→ PROBLEM REQUIREMENTS: The answer must reproduce all of the data below exactly and contain no images.

→ COLLECTED MATERIAL:
%%

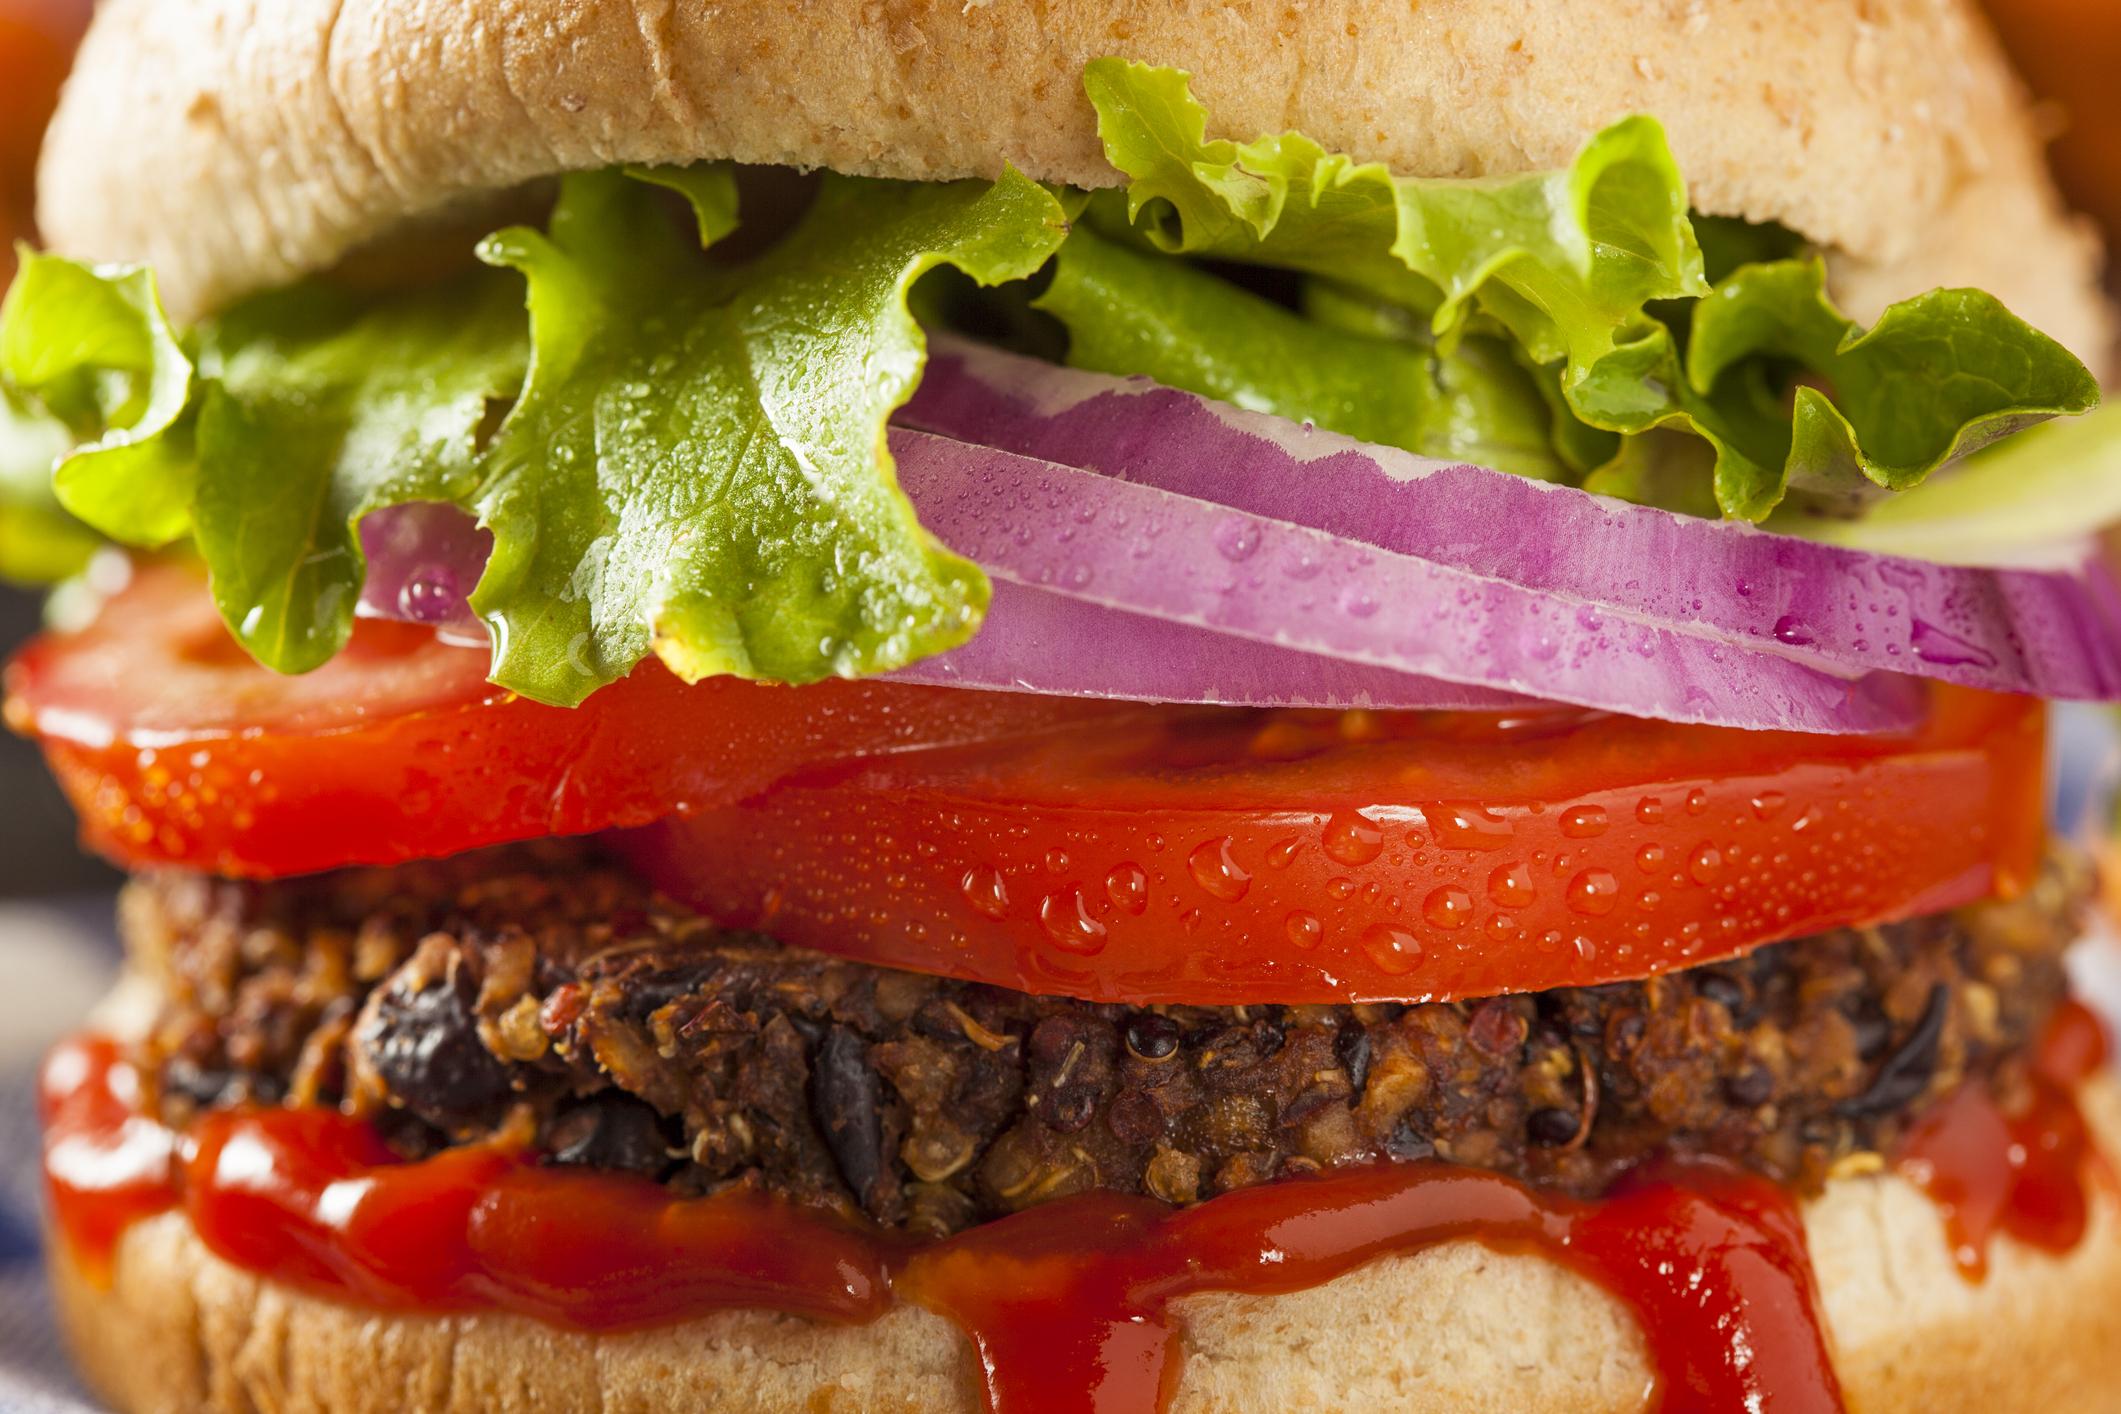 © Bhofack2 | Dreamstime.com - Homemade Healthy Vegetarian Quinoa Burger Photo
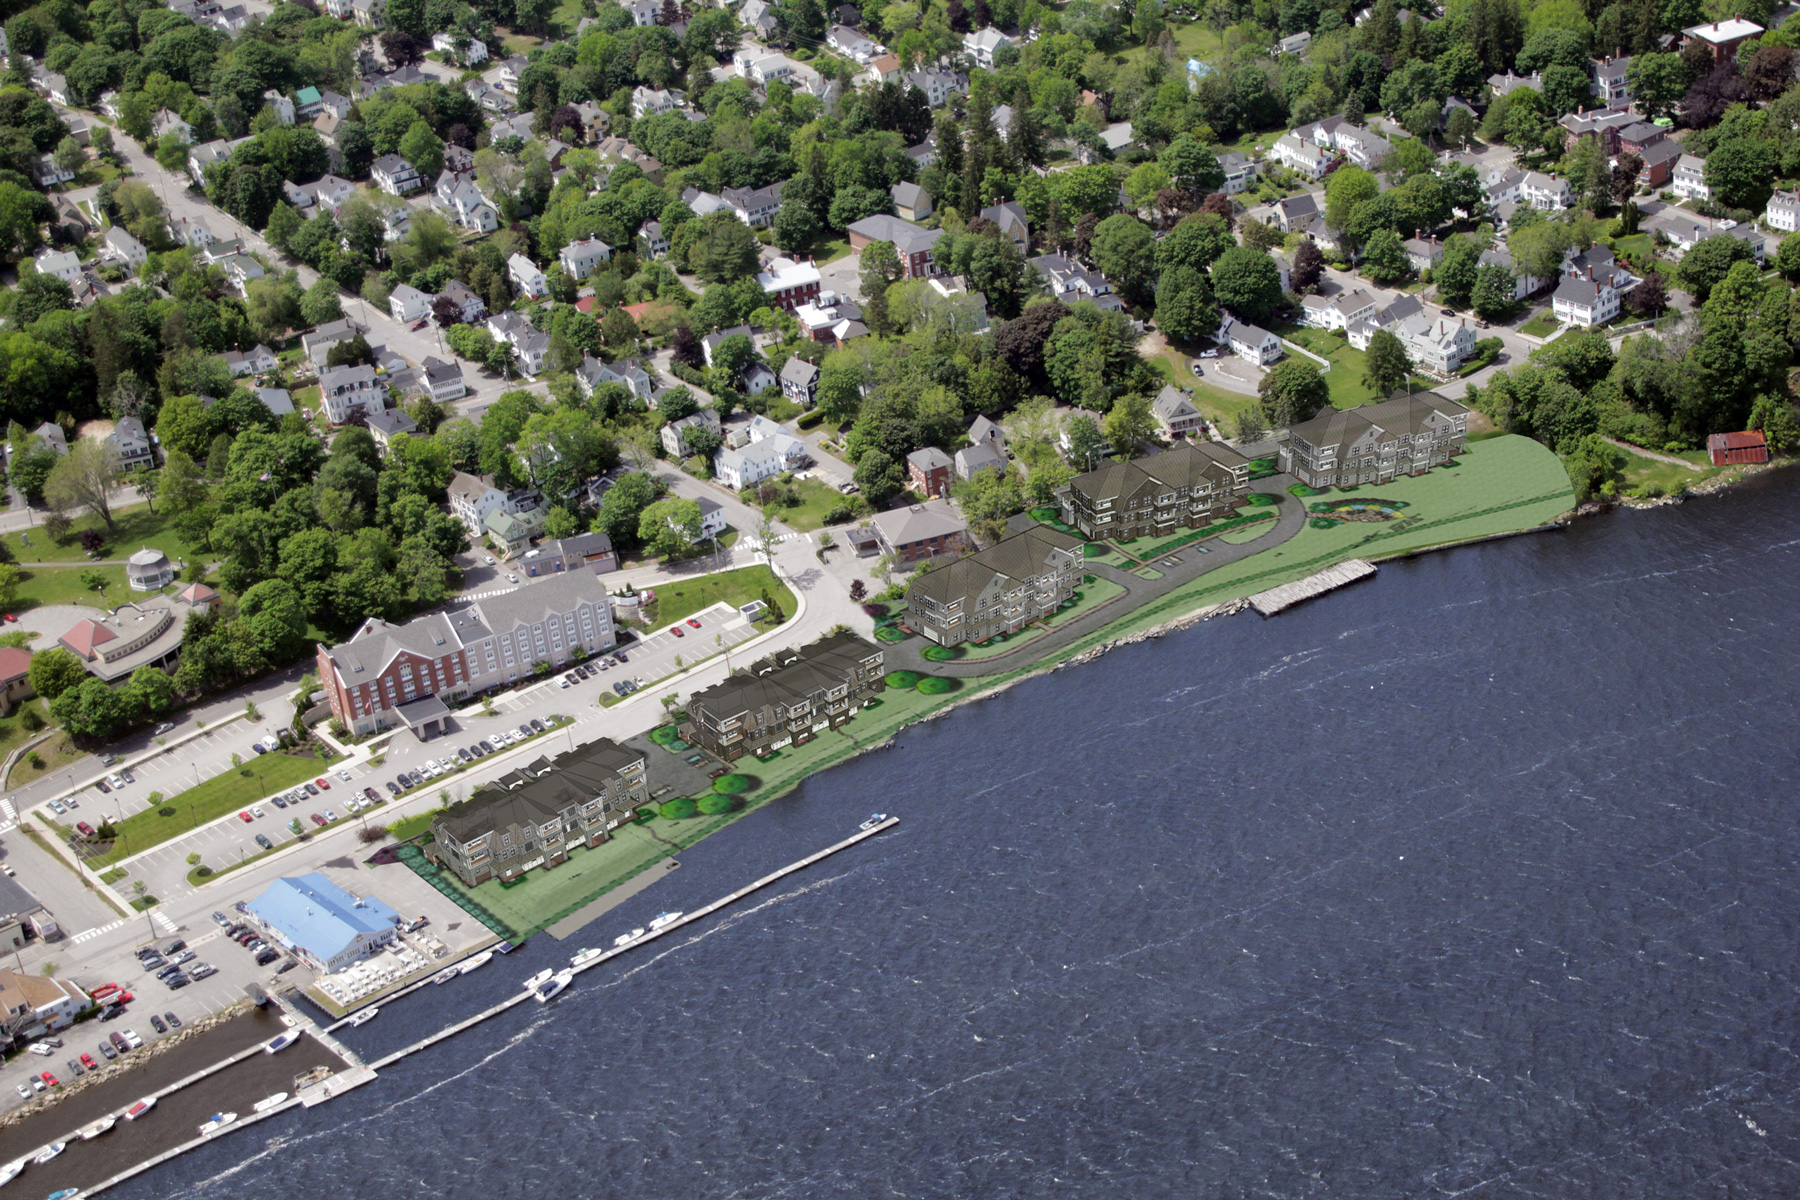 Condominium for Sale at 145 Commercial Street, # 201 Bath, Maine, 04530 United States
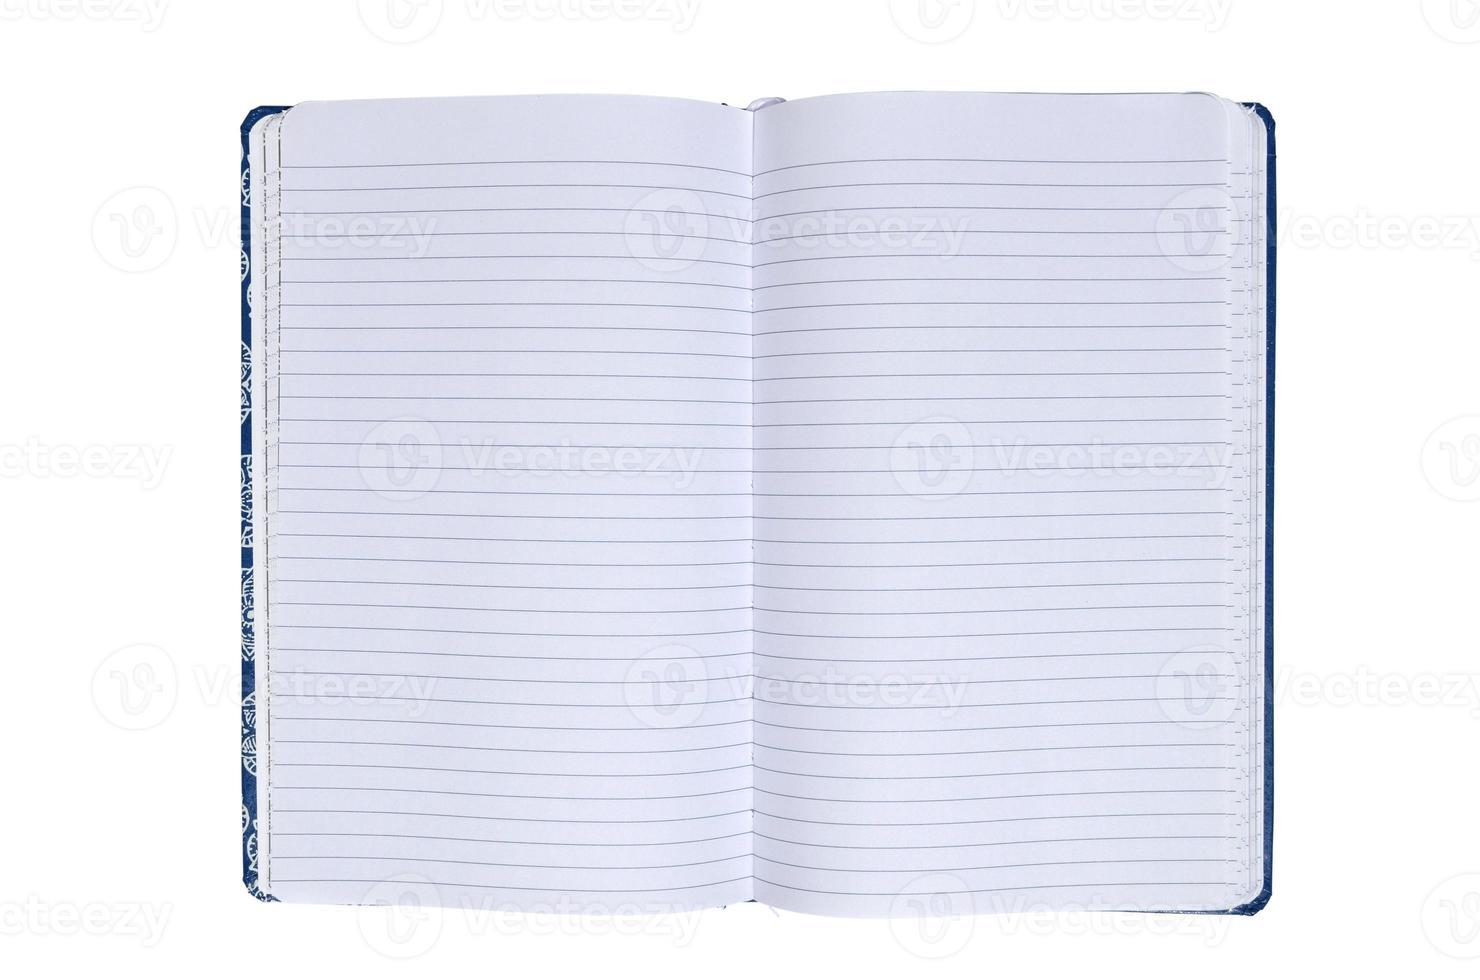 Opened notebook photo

%%

→ ANSWER SECTION:
 © Bhofack2 | Dreamstime.com - Homemade Healthy Vegetarian Quinoa Burger Photo
 Condominium for Sale at 145 Commercial Street, # 201 Bath, Maine, 04530 United States
 Opened notebook photo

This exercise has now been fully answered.